American society before the Revolution was a society built on image and
perception of those images. The
need for difference between people for the hierarchy to even work meant that
inequality was very important in this society--there was no way that equality
and this social structure could coexist. Inequality
was rife in the society, and so the hierarchy continued to function. However, the inequality was more arbitrary than natural in
this society, which Wood describes as “truncated” due to its lack of
complexity.[2]
Whereas in England there was hereditary royalty and nobility and distinct
social classes, such things did not exist in American society--there were
classes, but “the colonial aristocracy was never as well established, never as
wealthy, never as dominant” as it was in England.[3]
The bindings within colonial society “[were] exceedingly fragile and
vulnerable to challenge” because of this truncation of society.[4]
With the late eighteenth century, however, came change.
Wood writes, “Throughout the eighteenth-century Anglo-American world,
traditional authority was brought into question.
Personal and social relationships were not working properly.
The social hierarchy seemed less natural, less ordained by God, and more
man-made, more arbitrary.”[5]
People were drifting away from the ideas of Sir Robert Filmer and his
work, “Patriarchy,” which basically set up a household as a miniature of a
kingdom, with the head of the household as king, where “the Father of a family
[governed] by no other law than by his own will.”[6]
While drifting away from Filmer’s idea, many people drifted toward John
Locke’s ideas, set down in Some Thoughts on Education.
Locke believed “parents had to win the respect an esteem of their
children...though benevolence, and understanding” rather than rule the
household with beatings and arbitrary rulings.[7]
Going hand-in-hand with his Two Treatises of Government, Locke’s
works caused many changes in the social and political life of America.
With the Revolution came a new system of government, a republic, but the
effort left the founding fathers faced with a problem: how to prevent the
failure of their republic. Part of
the republic’s preservation rested on keeping a hierarchy, where natural
aristocrats – educated men of wealth and standing – would occupy the topmost
rung of the societal ladder. These
natural aristocrats, the founding fathers believed, would be disinterested –
that is, they would not allow their personal feelings to have a bearing on their
actions and decisions in government. They
believed that people would trust these disinterested natural aristocrats, but
distrust power and thus be watchdogs over government. They thought people would protect the republican virtues, the
“natural affinities” of love, dedication, and zeal for the republic, and the
“natural principle of attraction in man towards man.” These were not exactly the same as the classical virtues the
founding fathers and natural aristocrats studied, but they were in the same
spirit.[8]
The founding fathers expected the citizenry to be knowledgeable of the
workings of government and suspicious power.

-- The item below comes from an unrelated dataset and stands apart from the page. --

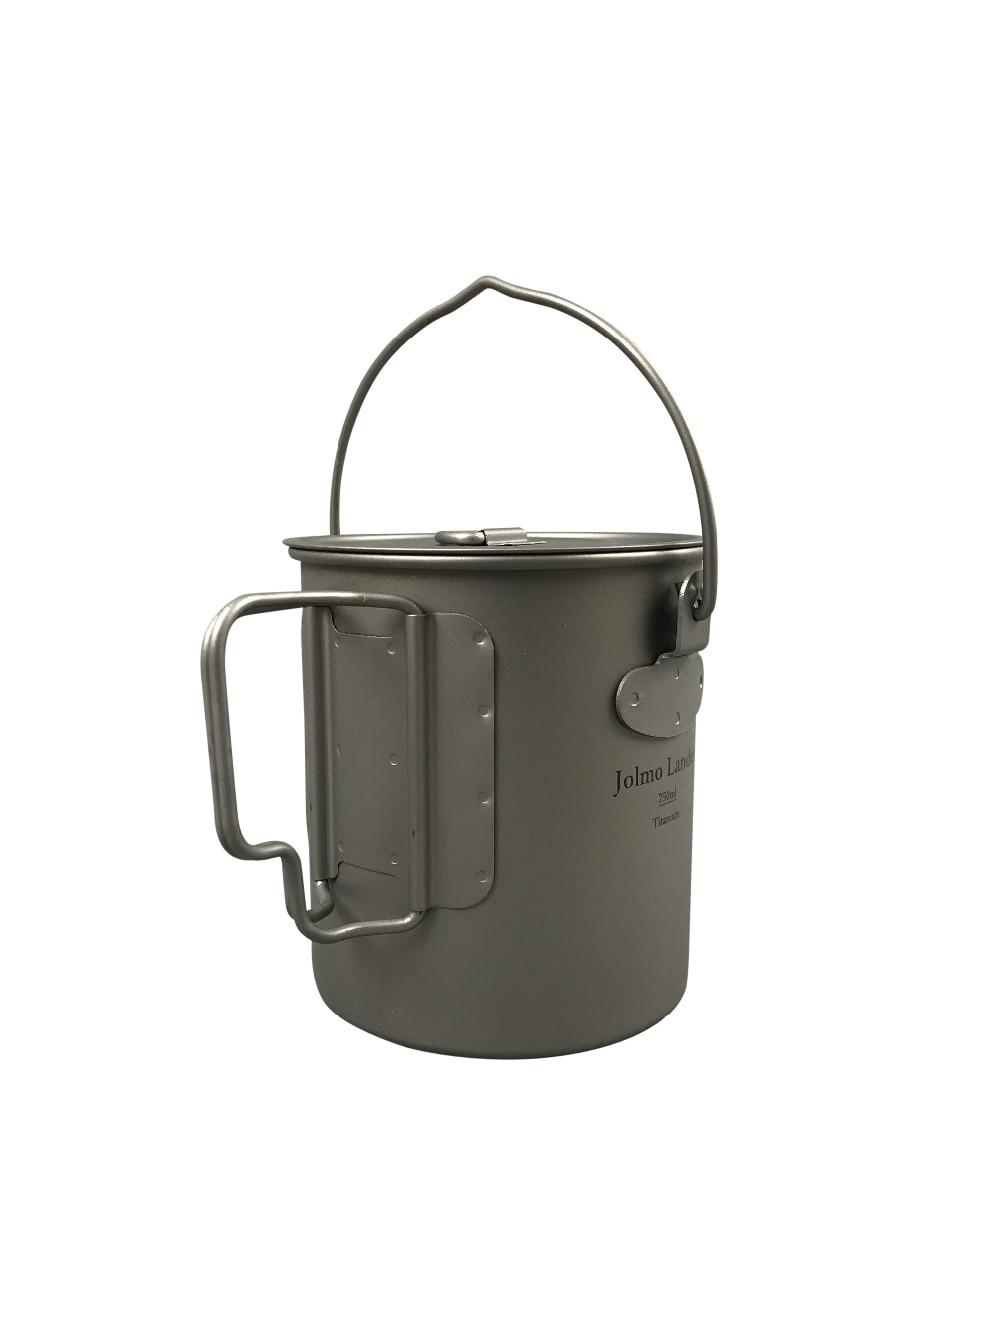 Jolmo Lander Titanium Pot with Bail Handle Outdoor Ultralight Folding Pot 750ml clairol 750ml

The founding fathers thought that this system would protect the republic
they built from falling into what they saw as anarchy – democracy.
This was not to be. Almost
immediately, people began to elect people like them, who held their common
interests. The shift from
republicanism to democracy came almost immediately, partially, Wood believes,
because of capitalism. People were
motivated by their own self-interests, even in government, which was not what
natural aristocrats were supposed to do. The
war between the “common man” and the natural aristocrat played out in many
arenas, including the Pennsylvania legislature during the debate about
rechartering of a bank. Wood
explains:
The principals in this debate were William Findley, a
Scotch-Irish ex-weaver from western Pennsylvania and a defender of the
debtor-relief and paper-money interests in the state, and Robert Morris, the
wealthiest merchant in the state, with aristocratic aspirations and a major
supported of the rechartering of the bank....Morris and his genteel Philadelphia
ilk had continually tried to pose as disinterested gentlemen in the classical
mold, who were above crass marketplace interests and concerned only with the
public good. But Findley and his
western colleagues refused to let Morris and the aristocratic supporters of the
bank get away with this pose....Findley charged....[the] advocates of the bank
“feel interested in it personally and therefore by promoting it they were
acting as judges in their own cause.”[9]
Unlike others before him, however, Findley did not go on to say that
this interestedness in the issue was bad – in fact, he said that there was
nothing wrong with it because “[any] others in their situation...would do as
they did.”[10]
Looking out for one’s own economic self-interest gradually stopped
being a bad thing as republicanism lost ground and democracy gained it.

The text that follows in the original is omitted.